How Apple's Mail.app Junk Filter Works
fmorgan writes "O'Reilly has now posted the second part on an article about Mac OS X Mail.app spam filtering with more details on what this technology is (and isn't): 'Many myths have emerged about Mail's junk mail filter. No, it's not an extremely complex set of rules, no it doesn't look for keywords, and no, it doesn't use white magic ... Interestingly enough, the technology that underlies the Junk Mail filter began its life as an information retrieval system.'"
Microsoft can learn a lesson here? Especially in the light of this hole, from which a spammer can clearly see that you have opened their messages and validate your address...
bash: rtfm: command not found
it's simple. it uses it's extremely uninsipired app name to scare away spam.
The "Insert Quote Here" line is almost as predictable as inserting an actual quote.
The article mentions...
"In mathematical terms, we would say that every document is a vector of n numbers or a point in a space with n dimensions."
Funny. When I took linear algebra I was wondering if there was a practical approach to this, and I guess there is... to elliminate penis enlargement advertisments.
Yes! I listen to NYC Speedcore and do math at 3AM. I suggest you try it too.
Why wouldn't a similar algorithm work to provide automated moderation? It seems to me that you could certainly identify clusters of words that indicate low-value posts?
Each document is in turn represented by a long string of numbers, one for each word in the corpus.
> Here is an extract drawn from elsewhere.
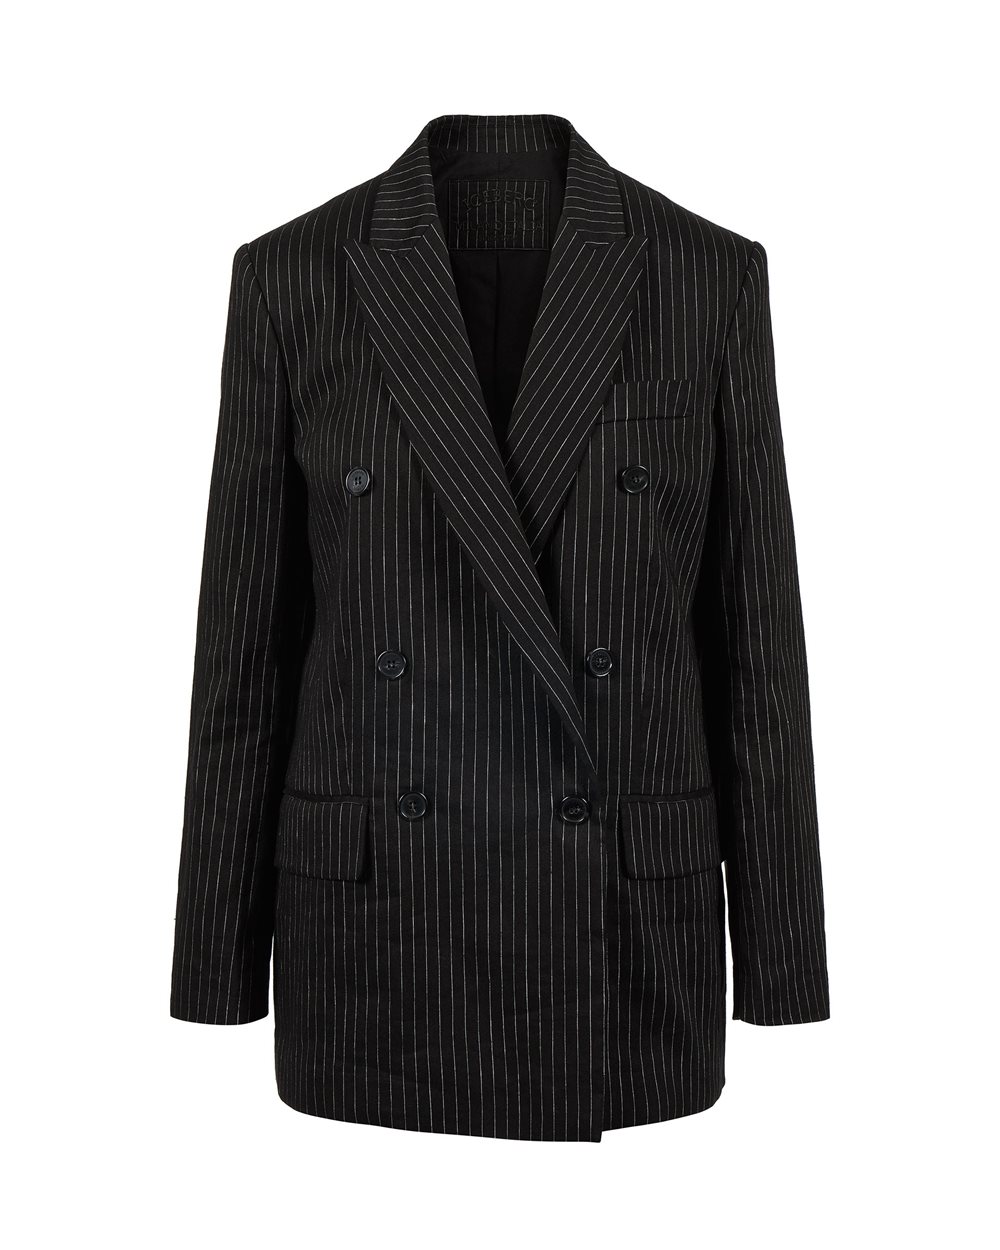 Pinstripe double-breasted jacket | Iceberg - Official Website

In mathematical terms, we would say that every document is a vector of n numbers or a point in a space with n dimensions. This coordinate is then mapped onto a unique position in the goatse.cx photograph. If it lands in an objectionable region, the message is discarded as spam.
It's an interesting method, but not having Mail.app myself, what I'm wondering is how well it works on the border regions; that is, when it is just barely objectionable. Say, on his leg.
Infact I'd be willing to bet that its just another bayesian e-mail filter with maybe a few extra bells and whistles.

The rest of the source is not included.